Recent revelations about Munro’s personal life were a shock for me, but her stories remain masterpieces. We read “The Red Dress,” “Boys and Girls,” and “The Peace of Utrecht.” Her style reminds me of the Russians – rich detail, symbolism, and strong plots that end with a bang.
Just finished Katherine Mansfield’s “Daughters of the Last Colonel.” It’s modernist, but compared to Munro (and even Hemingway), it felt a bit lacking in depth and richness. Very clever and ironic but without the passion of the other stories.
My favourite story was “Boys and Girls” where the main character defies her father and holds the gate open for a tempestuous mare to escape. She knows escape is futile and that the horse will be captured and killed for fox feed but she lets it out anyway. The elaborate context of this symbol means that it works almost subconsciously. She knows that her coming of age as a woman will condemn her to an inferior status in life (rural Canada in the 1950s) but she can’t fight against the tide of her femininity.

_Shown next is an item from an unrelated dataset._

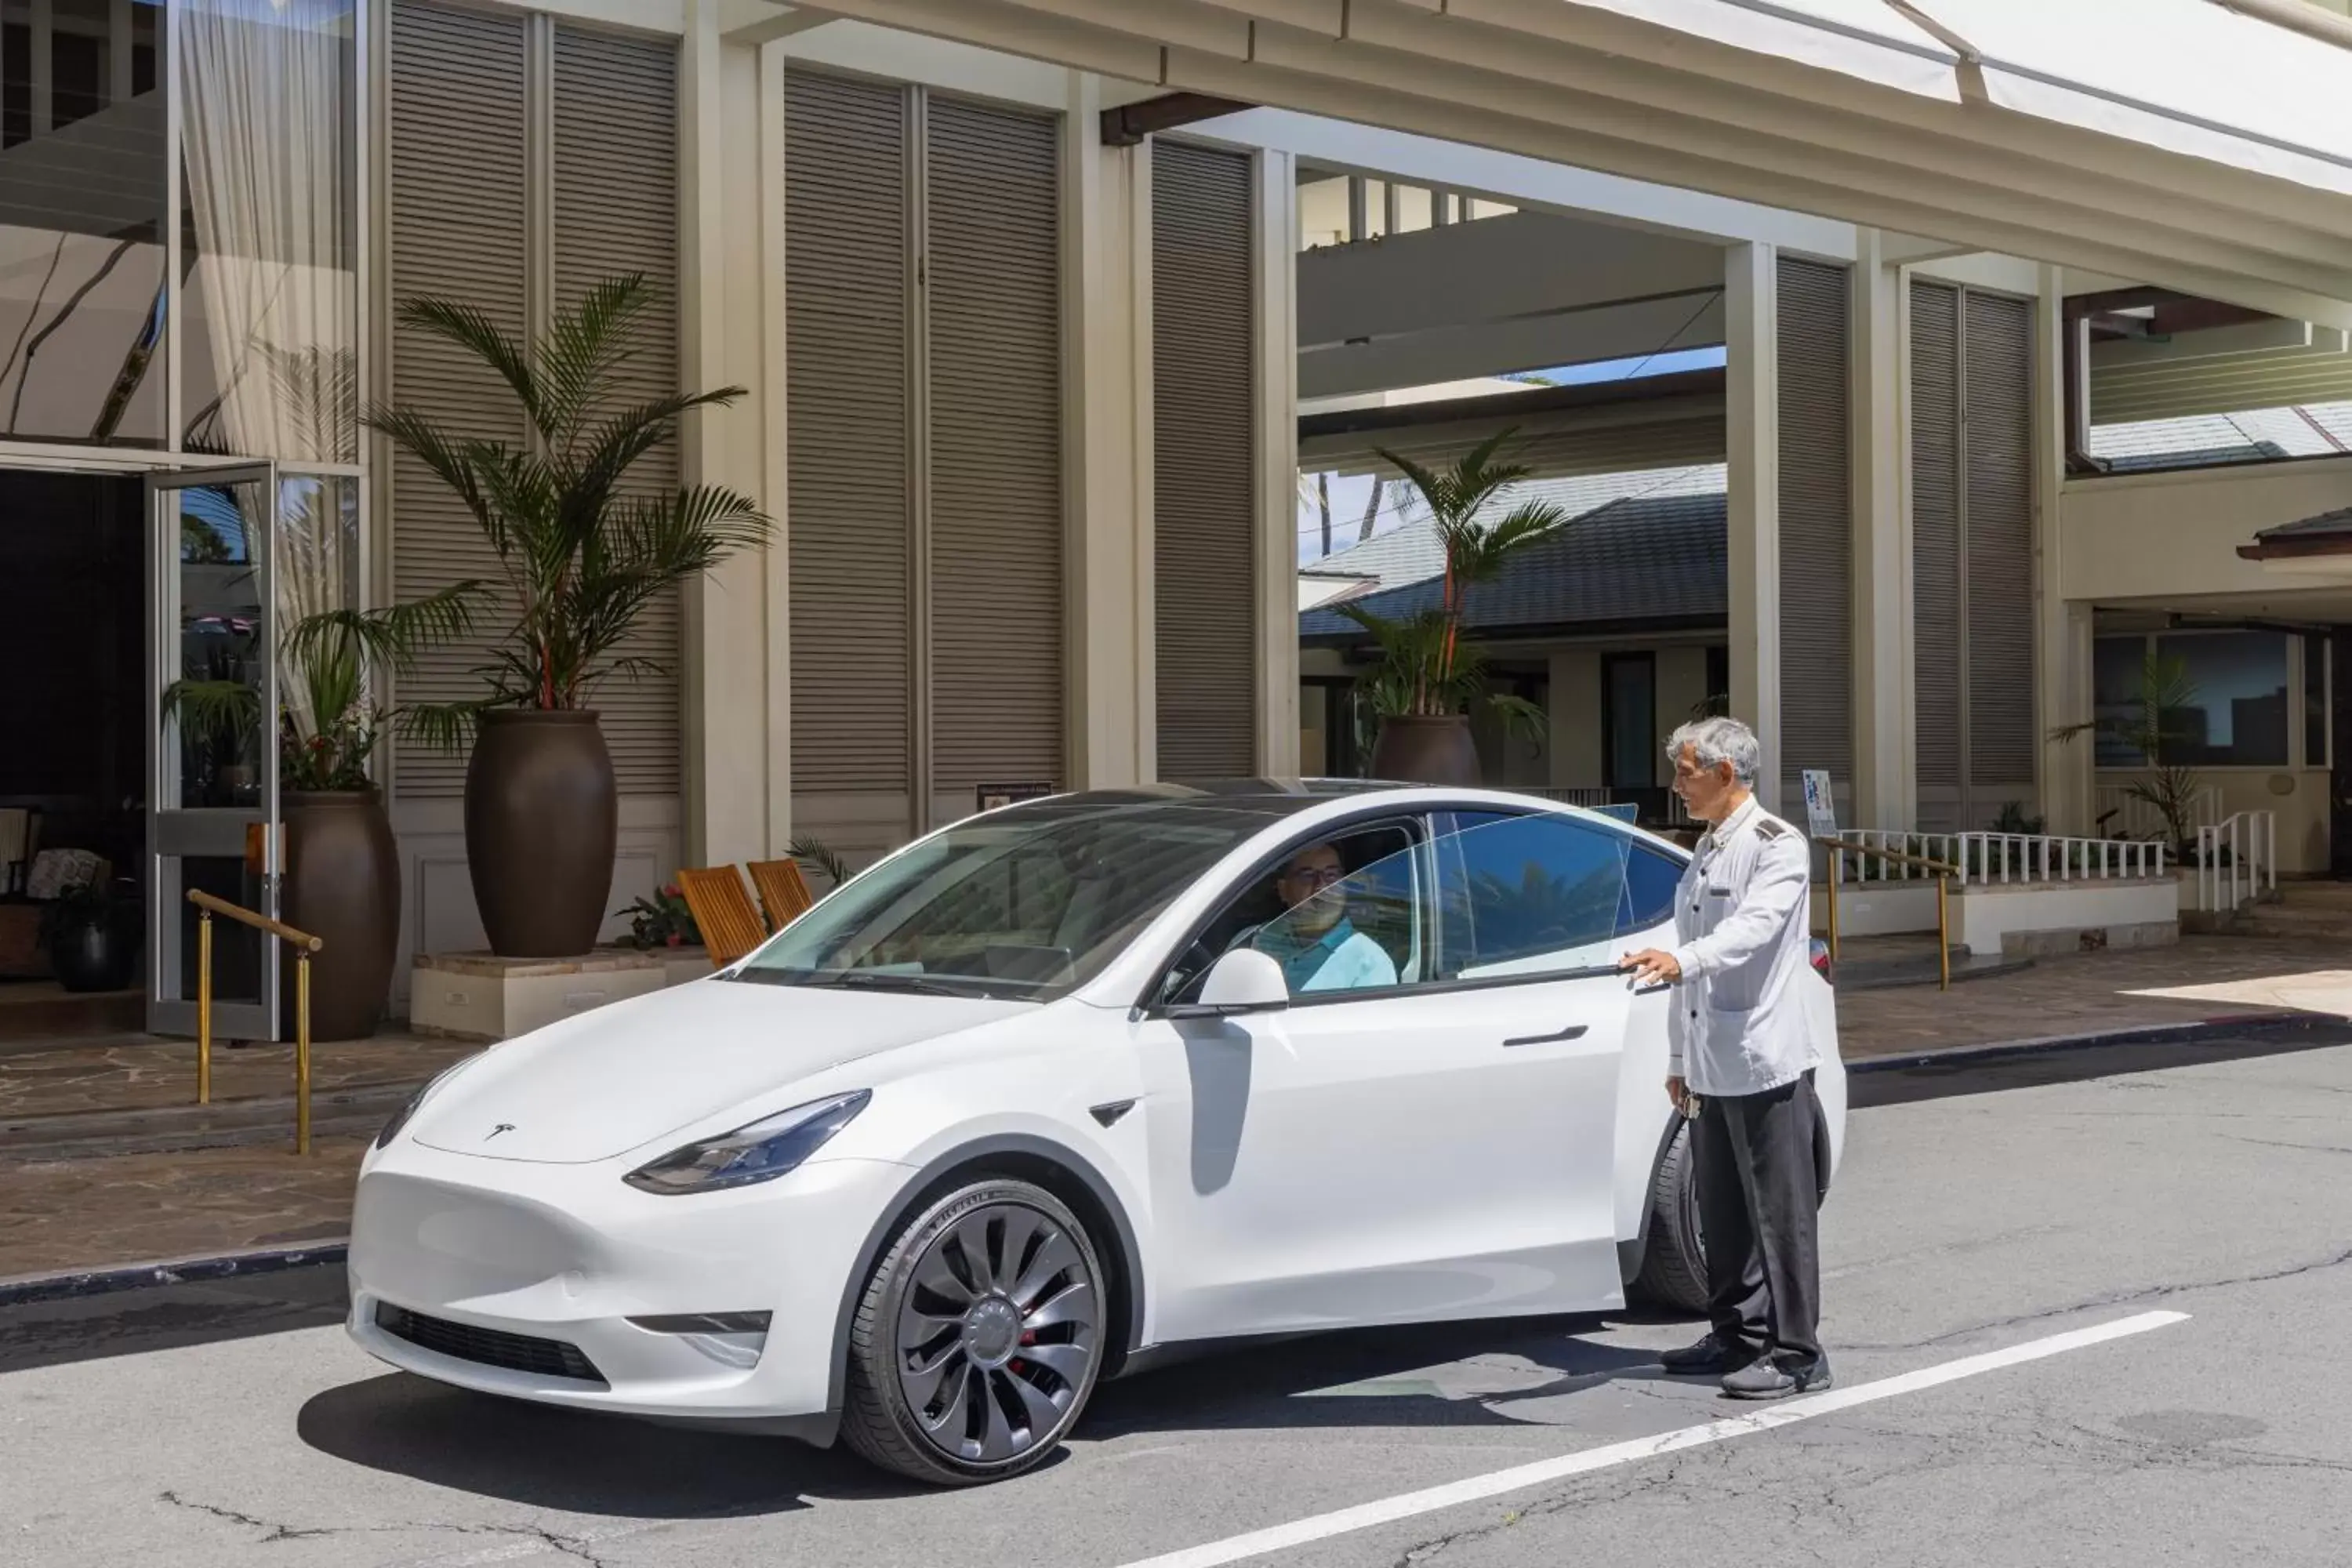 Parking in The Kahala Hotel and Resort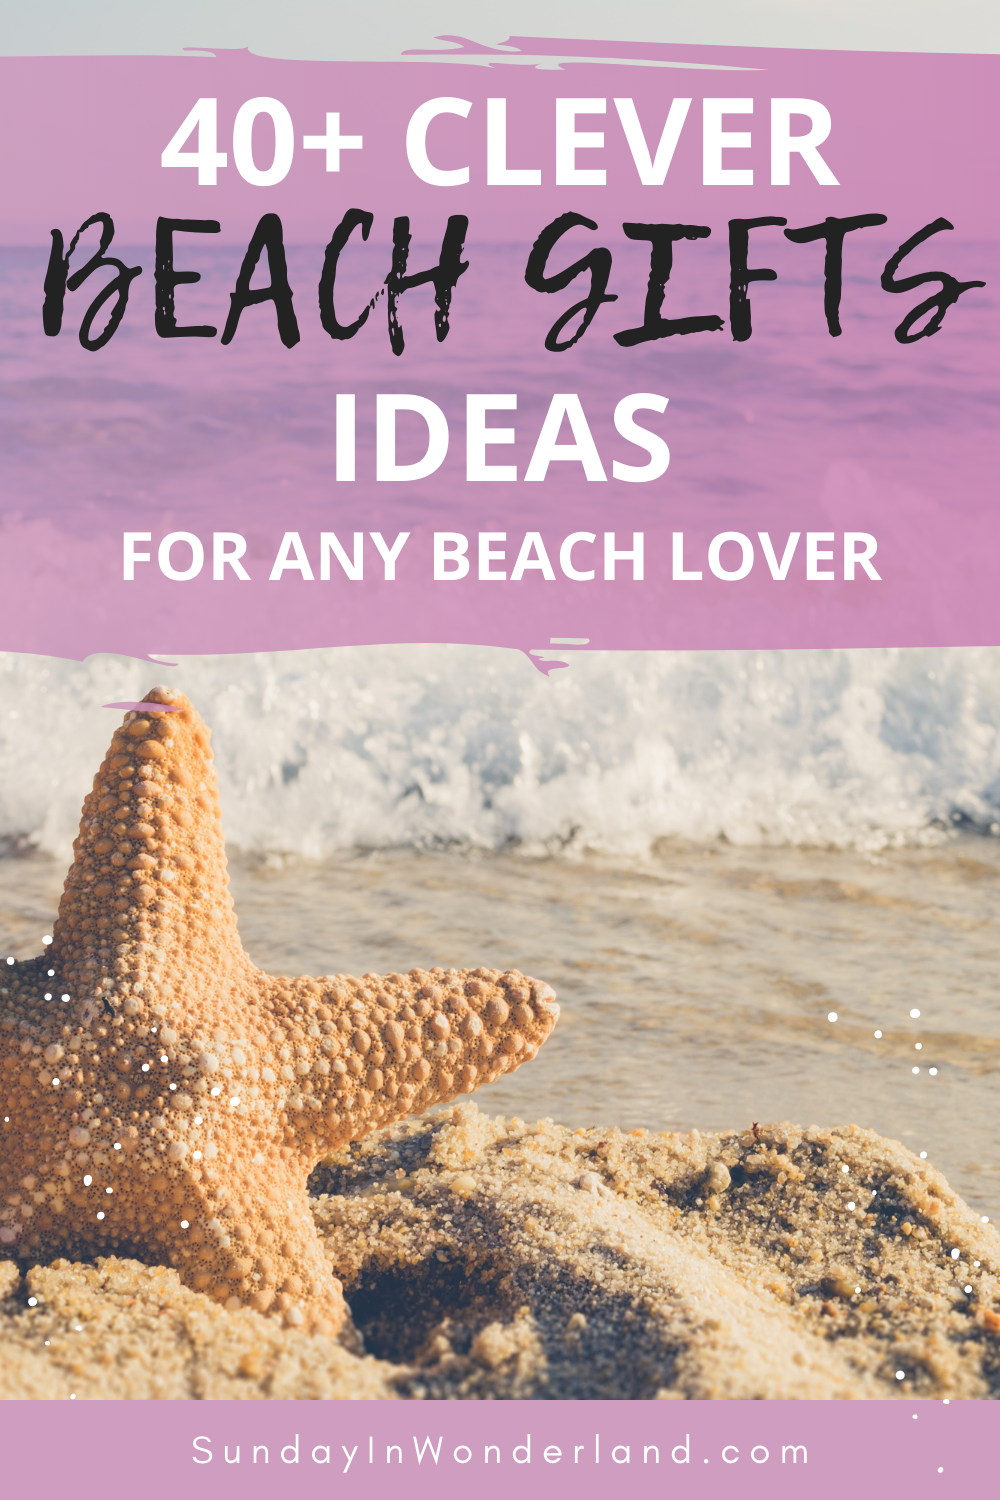 40+ beach gifts for beach lovers

The Peace of Utrecht was another fabulous story about the ties that bind us and the delicate hierarchies and tensions in a family. The title refers to a peace treaty that settled some of Canada. The narrator found an old school essay she had written about it and it’s a perfect metaphor for the the uneasy peace in her family.
I’ve chosen to separate Alice Munro the person from Alice Munro the writer. Her stories are treasures. Maybe artists are merely conduits for our cultural heritage.
And no wonder she won the Nobel Prize and no wonder they call her the Chekhov of Canada.